Innate immunity is the first line of defense against infections. The phylo-genetically ancient, phagocyte-based effector mechanisms of innate immunity exist in their mature state prior to microbial exposure and infection does not alter the intrinsic specificity of the system components. This is in sharp contrast to the more recently evolved mechanisms of adaptive immunity in which the microbial encounter leads to gene rearrangements that alter the intrinsic properties of the system components, e.g., following infection, microbe-stimulated antibody gene rearrangements lead to production of antibodies of greater affinity for the microbe. Mechanisms of innate immunity are either constitutively active or are activated very rapidly after infection (prior to development of adaptive immune responses) and serve three very important functions. First, as the initial host response, innate defenses limit or prevent infection by rapidly eliminating microbes (clearance). Second, the effector components of innate immunity interact and work together with components of adaptive immunity to synergistically augment microbial clearance. Third, innate immunity stimulates and can reprogram adaptive immune mechanisms to optimize clearance of specific types of microbes. Although viral clearance has been traditionally thought to be due to lymphocyte-mediated clearance of infected cells, recent data have demonstrated the important role for phagocyte-mediated clearance of recombinant, replication-deficient adenoviral vectors administered to the lung and systemic circulation. In this chapter we will review data regarding the interaction between adenovirus and host innate immune mechanisms and discuss the implications for use of recombinant adenoviral vectors for in vivo

ADENOVIRAL VECTORS FOR GENE THERAPY Copyright 2002, Elsevier Science (USA). All rights reserved.

gene transfer. The discussion will be focused on pulmonary innate immune responses because much of our information comes from preclinical and clinical studies done in an effort to an develop adenoviral vector-based in vivo gene therapy for the clinical manifestations of cystic fibrosis lung disease. A brief review of innate immunity is useful prior to discussing data related to adenovirus.

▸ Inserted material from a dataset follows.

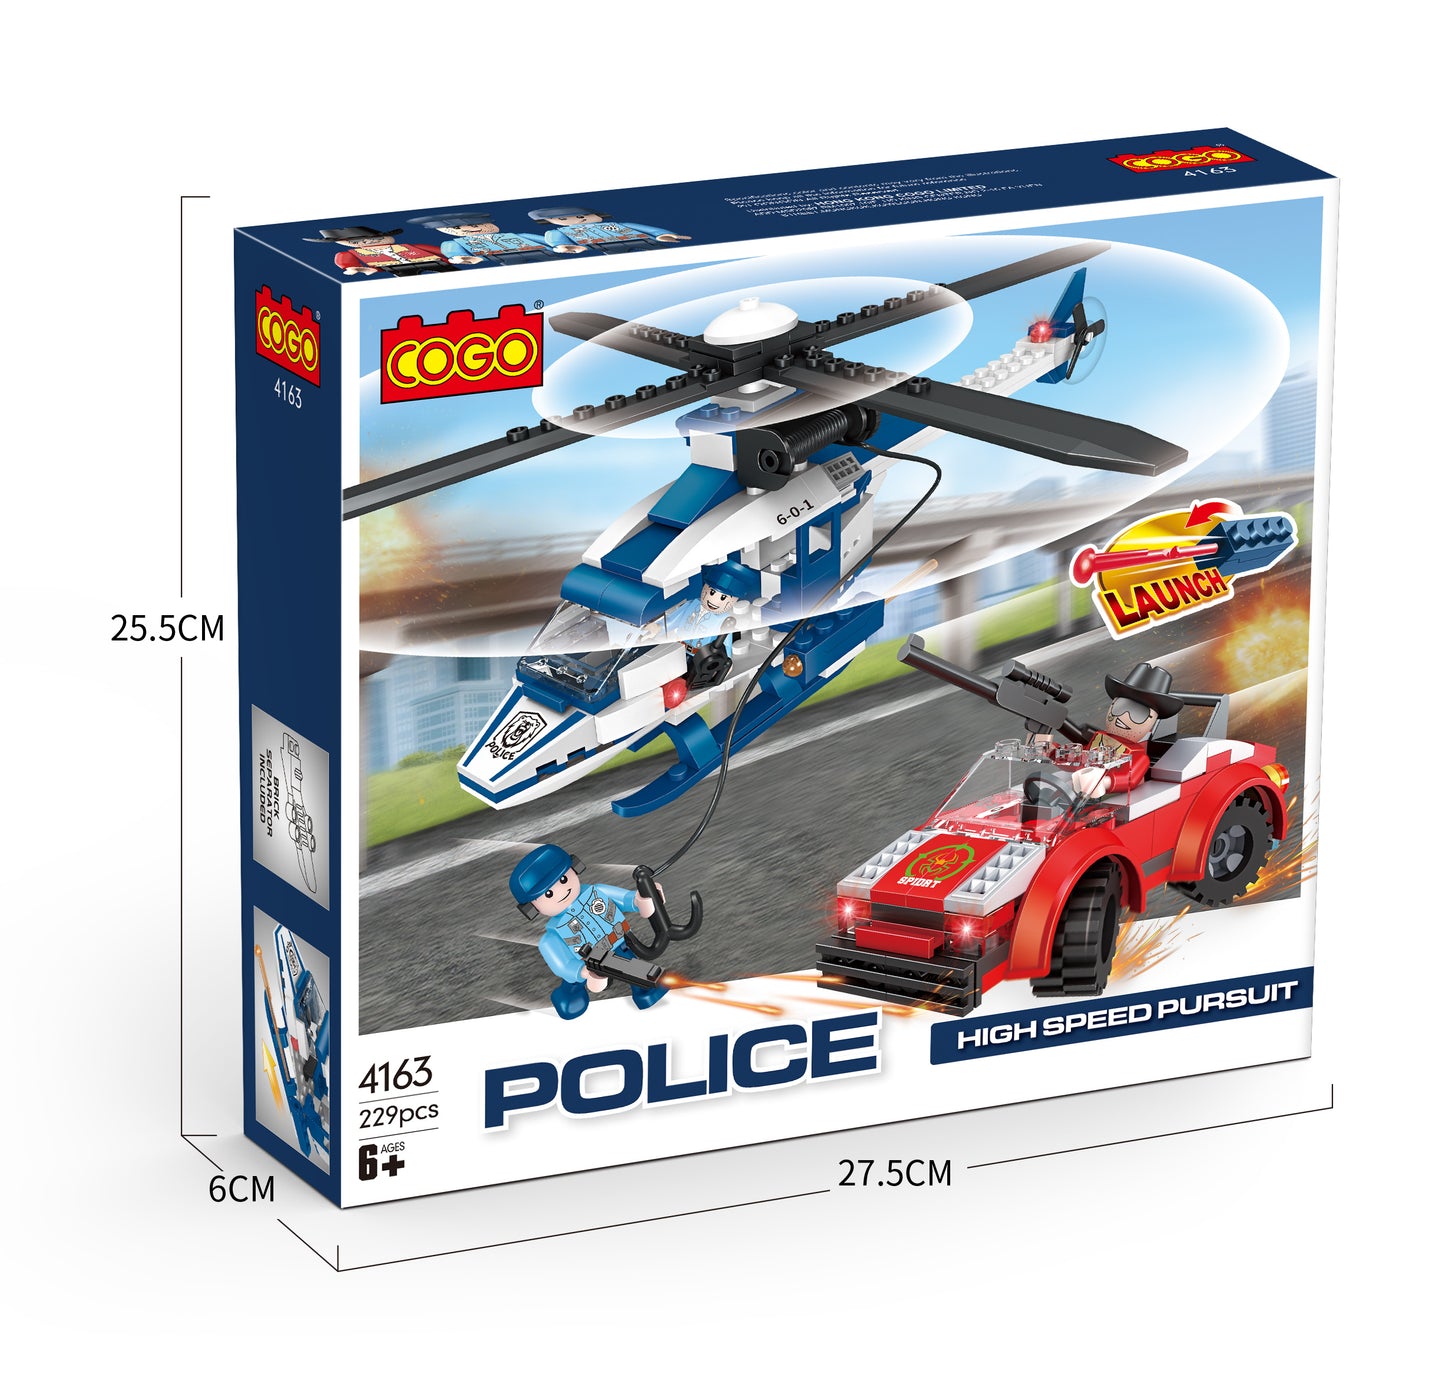 City Police High-Speed Pursuit
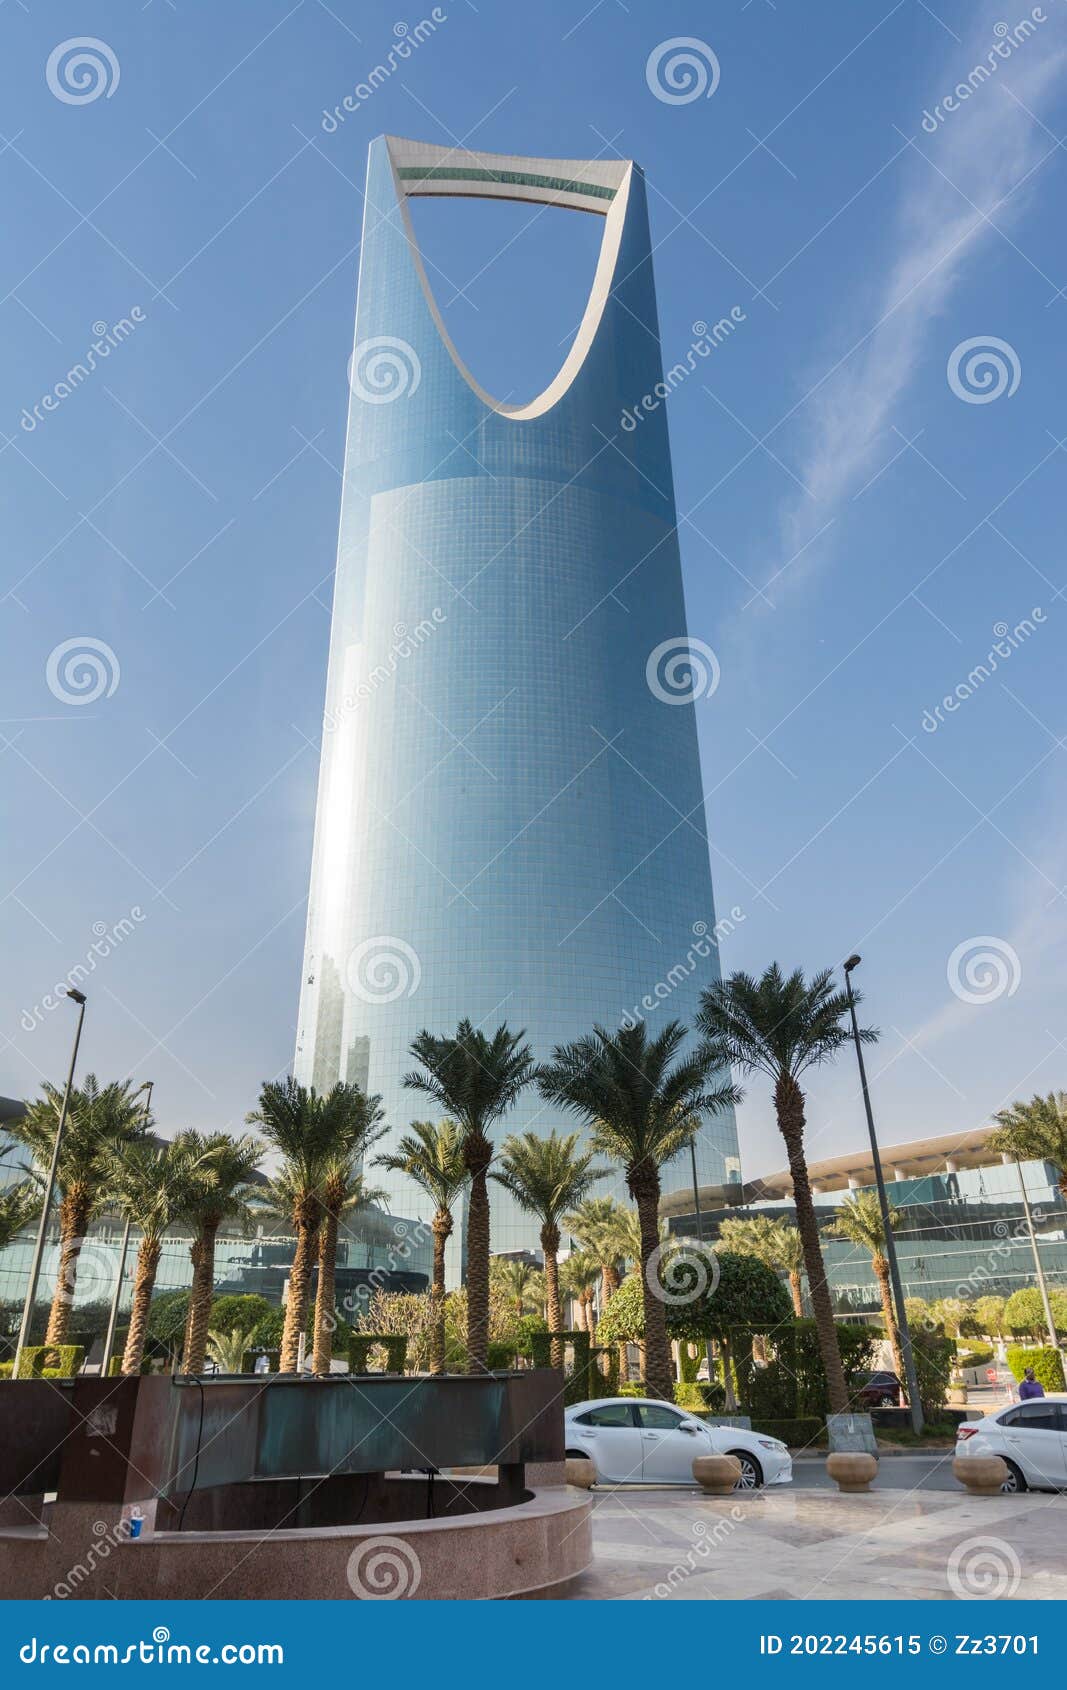 kingdom center tower or burj al mamlaka glows a blue color  again blue sky

Components of the innate immune system are found, presumably, in all Mesozoic organisms in contrast to adaptive immunity which is present only in cartilaginous and bony fish, amphibians, reptiles, birds, and mammals. Coevolution during the 400 million years since appearance of lymphocyte-based adaptive immunity accounts for the close interconnection between innate and adaptive immune mechanisms. Innate immunity is composed of a set of constitutive and inducible components including physical and biochemical barriers, circulating or mobile effector cells and proteins, and proinflammatory and chemotactic cytokines (Table I). The principal effector components of innate immunity involved in clearance of microbes during in vivo infection include phagocytic and natural killer (NK) cells, cytokines, and complement.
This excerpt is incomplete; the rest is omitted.